Совесть (со-весть) является последней инстанцией в решении богословских споров тогда, когда эти споры не выносятся за пределы общины, церкви, исповедующей тот или иной взгляд и подход. А что делать с вопросами, которые выносятся вовне: вопросами собственности, имущества, способов предъявления своей религиозности миру, того, что затрагивает других людей, не входящих в ту или иную общину?

Тут и начинают возникать социально-правовые коллизии. Тогда говорится: вы свободны в отношении своей совести, но вы не свободны в отношении социальных действий, которые вы можете предпринимать. Исповедуйте что хотите, но ваше социальное поведение должно быть под контролем.

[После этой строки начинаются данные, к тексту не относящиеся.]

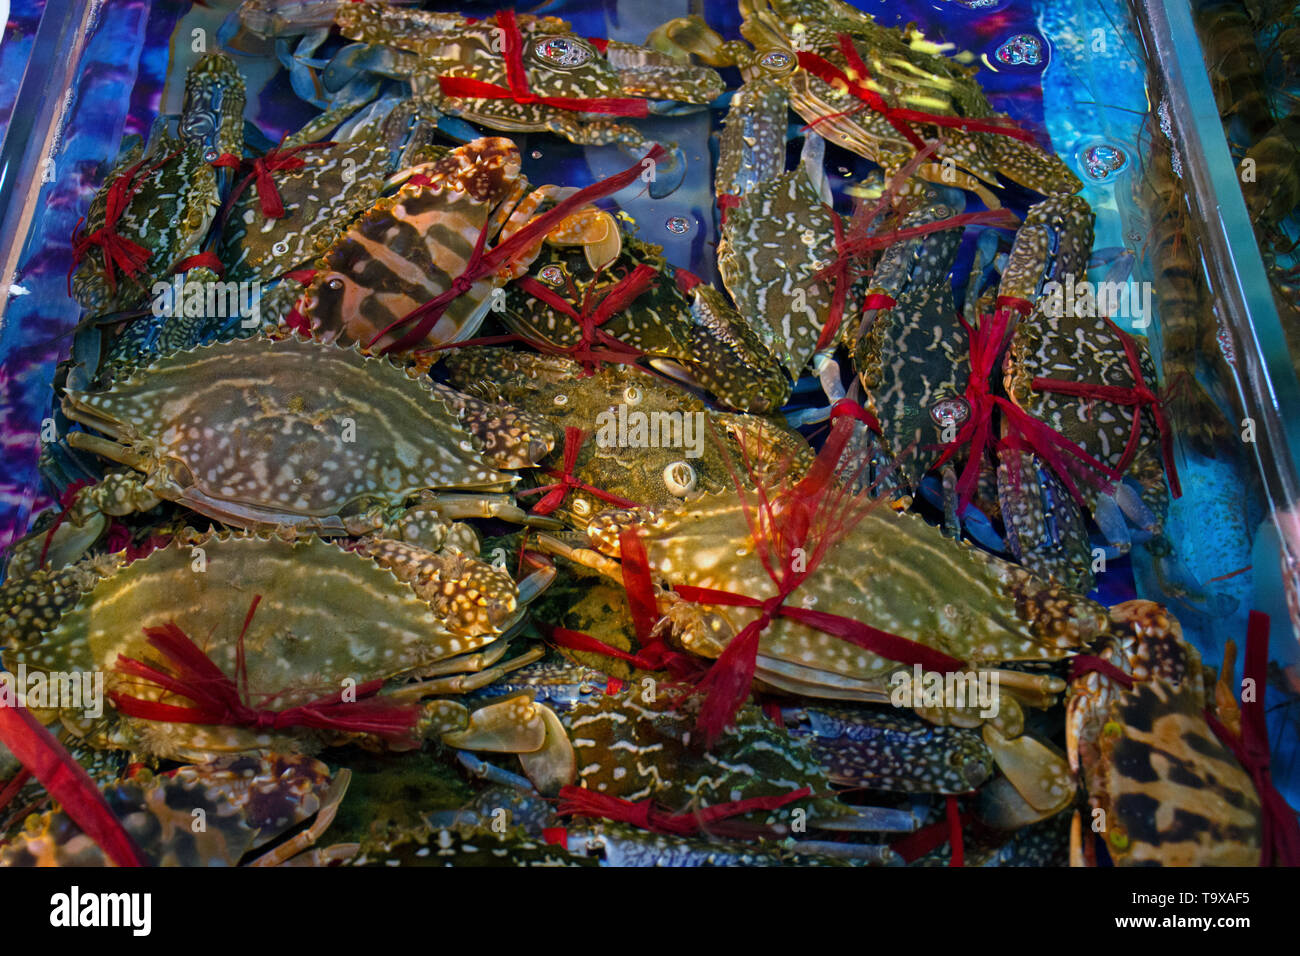 Crabs for sale at the seafood market in Haikou, Hainan Island, China Stock Photo

В основном, все эти коллизии разворачиваются в Англии. Люди в англиканской церкви осознали неправомерность социального неравенства. И стали покушаться на институт частной собственности, возложив на него вину за это неравенство. За это их начали преследовать, ибо это уже социальное действие.

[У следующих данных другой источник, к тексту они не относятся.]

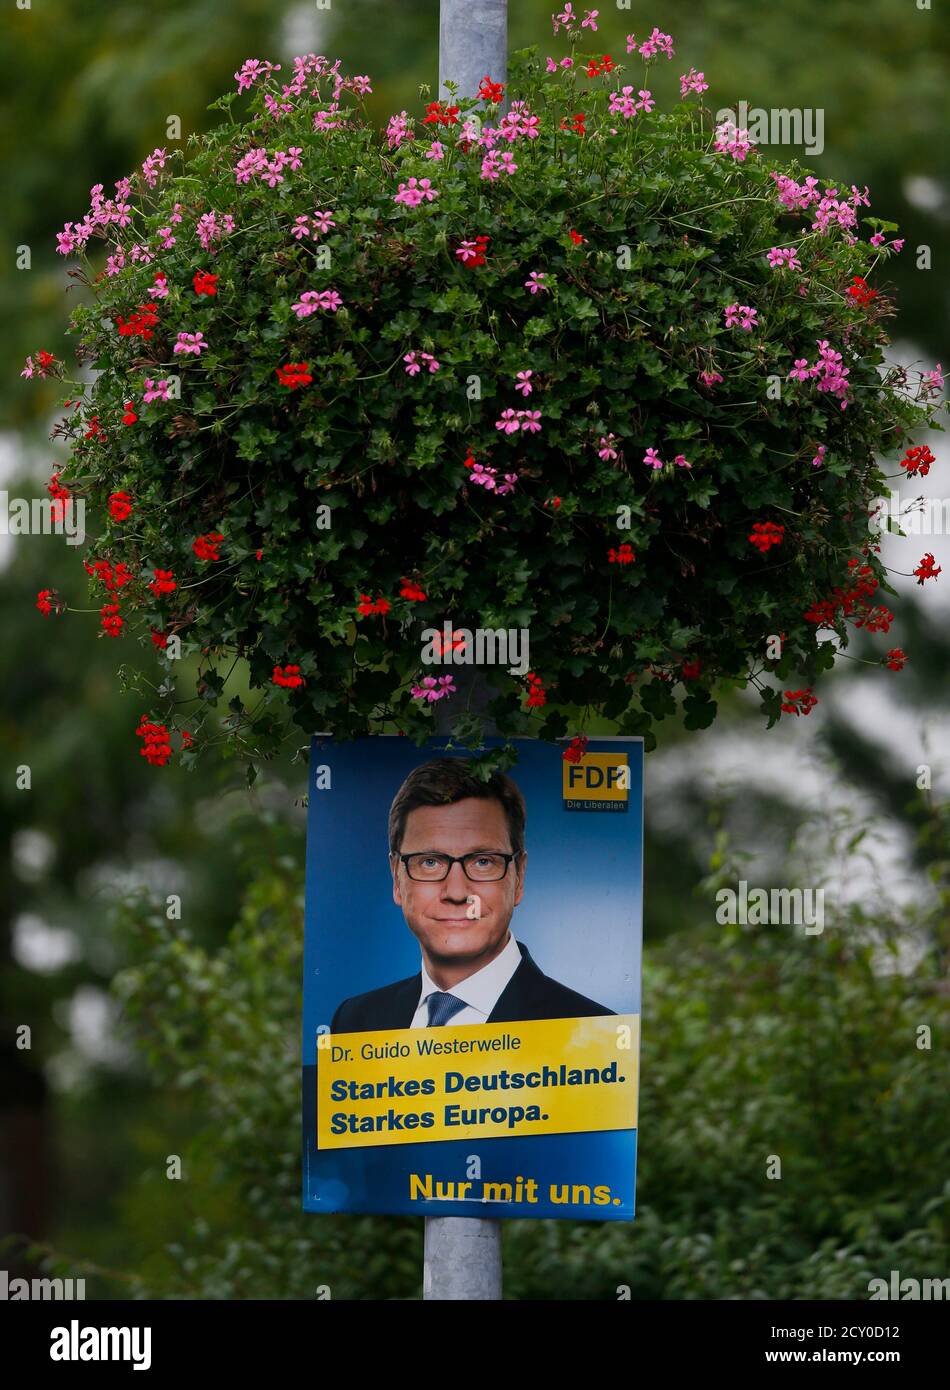 The election campaign poster of German Foreign minister Guido Westerwelle from the liberal Free Democratic party FDP is placed under a huge flower pot in the western German town of Bad Honnef near Bonn September 19, 2013. Germany will hold general elections on September 22 in which German Chancellor Angela Merkel is running for a third term with her preferred coalition partner FDP.               REUTERS/Wolfgang Rattay   (GERMANY - Tags: POLITICS ELECTIONS) Stock Photo

Но рефлексия социальных отношений находилась тогда на очень примитивном уровне, и их преследование объяснялось их «неправильными» религиозными взглядами. Понятное дело, они начинают возмущаться: а как же свобода совести? И, в итоге, эмигрируют. Сначала в страну, где якобы была свобода вероисповедания — в Нидерланды, а потом дальше. И добираются до Северной Америки.

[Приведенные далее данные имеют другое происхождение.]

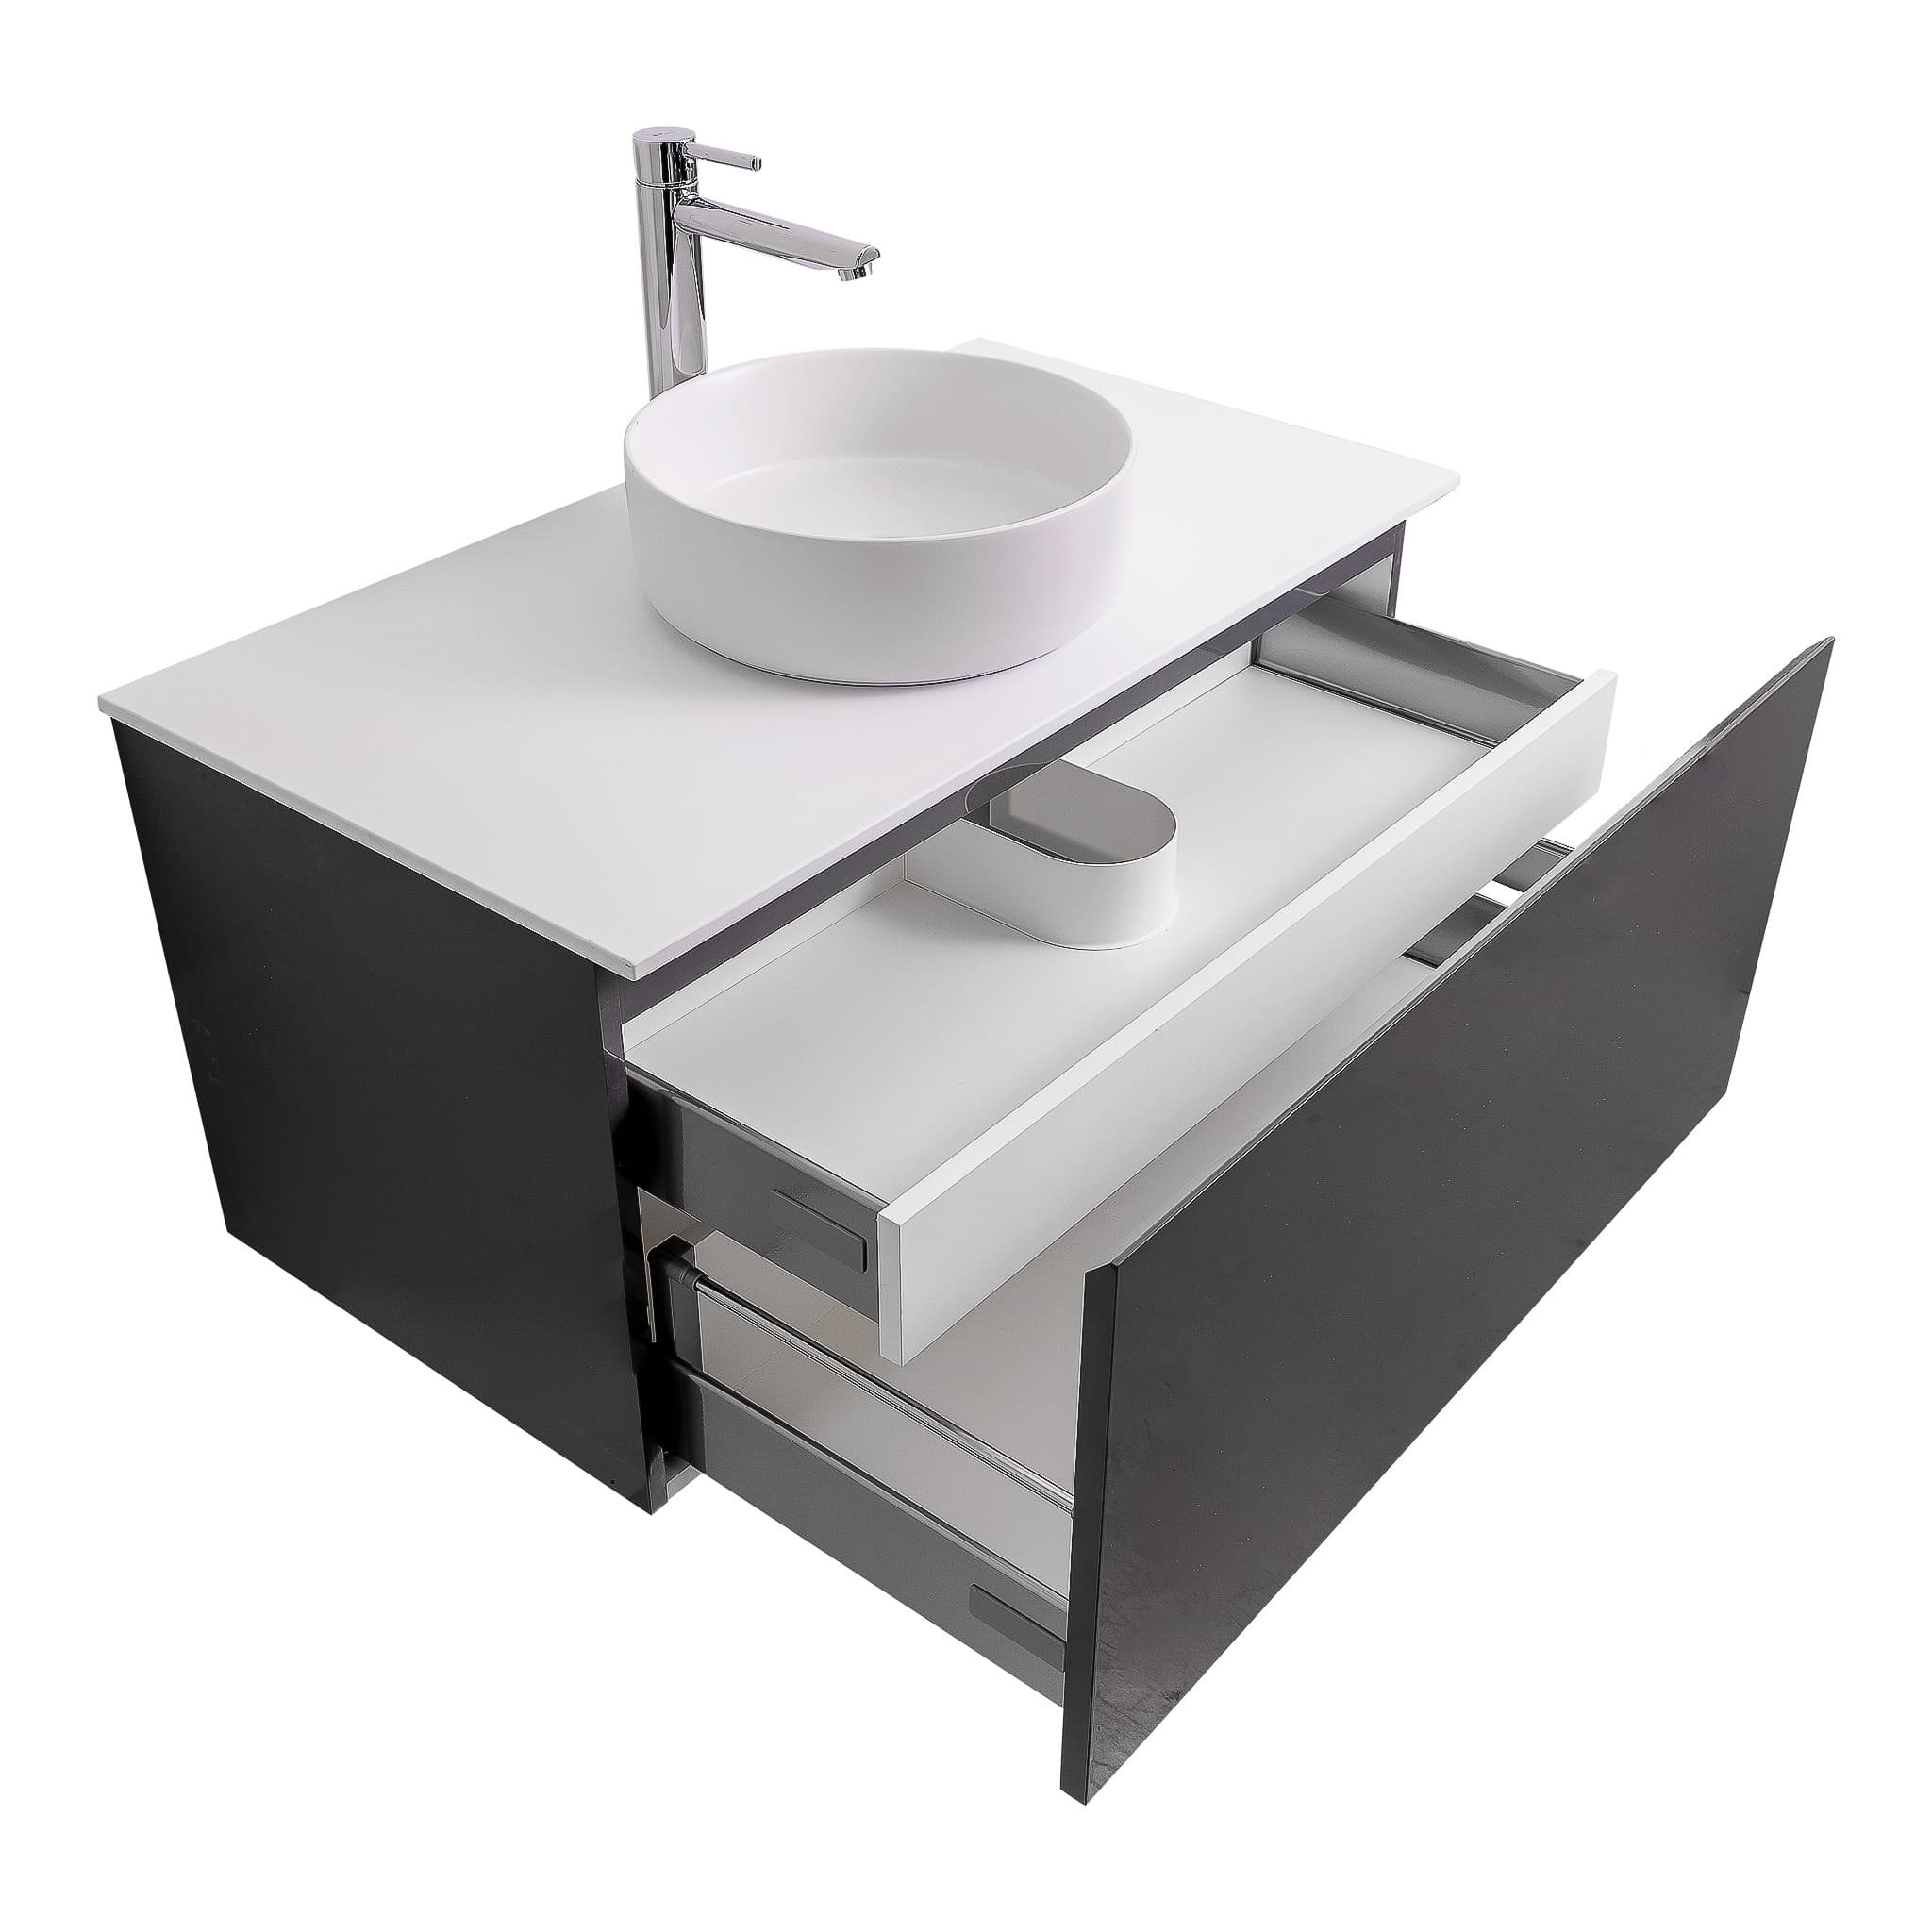 Venice 35.5 Anthracite High Gloss Cabinet, Ares White Top And Ares White Ceramic Basin, Wall Mounted Modern Vanity Set

Убеждение в том, что свобода совести есть первейший и неприкосновенный принцип свободы человека, утвердилось уже в Новом Свете, где эмигранты из реформатских стран стали основывать территориальные общины на основе того или иного вероучения. Пуритане — Массачусетс и Мэн, шведские лютеране — Делавэр, квакеры — Пенсильванию, французские гугеноты — Квебек.

Фокус в том, что они приехали основать свои колонии, чтобы уйти от социума, который существовал в Европе. Но они не претендовали на государственную независимость. Они говорили: поскольку нам не нравится ваше социальное устройство, мы найдем себе пустую землю или отвоюем ее у язычников, поселимся и будем жить так, как хотим.

Не хотите исповедовать наши пуританские взгляды — вот вам Мэриленд, земля королевы Марии, католички, идите туда, и живите как католики. Живите, как хотите. И именно в колониях Северной Америки свобода совести была введена в принцип, там он реализовывался в полноте.

И это убеждение они сохранили вплоть до американской революции XVIII века. Именно поэтому оно легло в основу первой американской конституции. Поскольку это первая демократическая конституция эпохи Просвещения, по ее лекалам стали писать потом все остальные. Вот так принцип свободы совести был положен в качестве базового и естественного права человека во все демократические установления.

— Ну, вот, наконец-то стало понятно, с чего все началось.

— Это всего лишь интерпретация (смеется). Одна из возможных. Потому что, на самом деле, началось все на суде над Сократом, которого обязали выпить цикуту, приговорив к смерти за совращение молодежи. Т.е. за призыв к молодежи не почитать богов. Но это совсем другая история.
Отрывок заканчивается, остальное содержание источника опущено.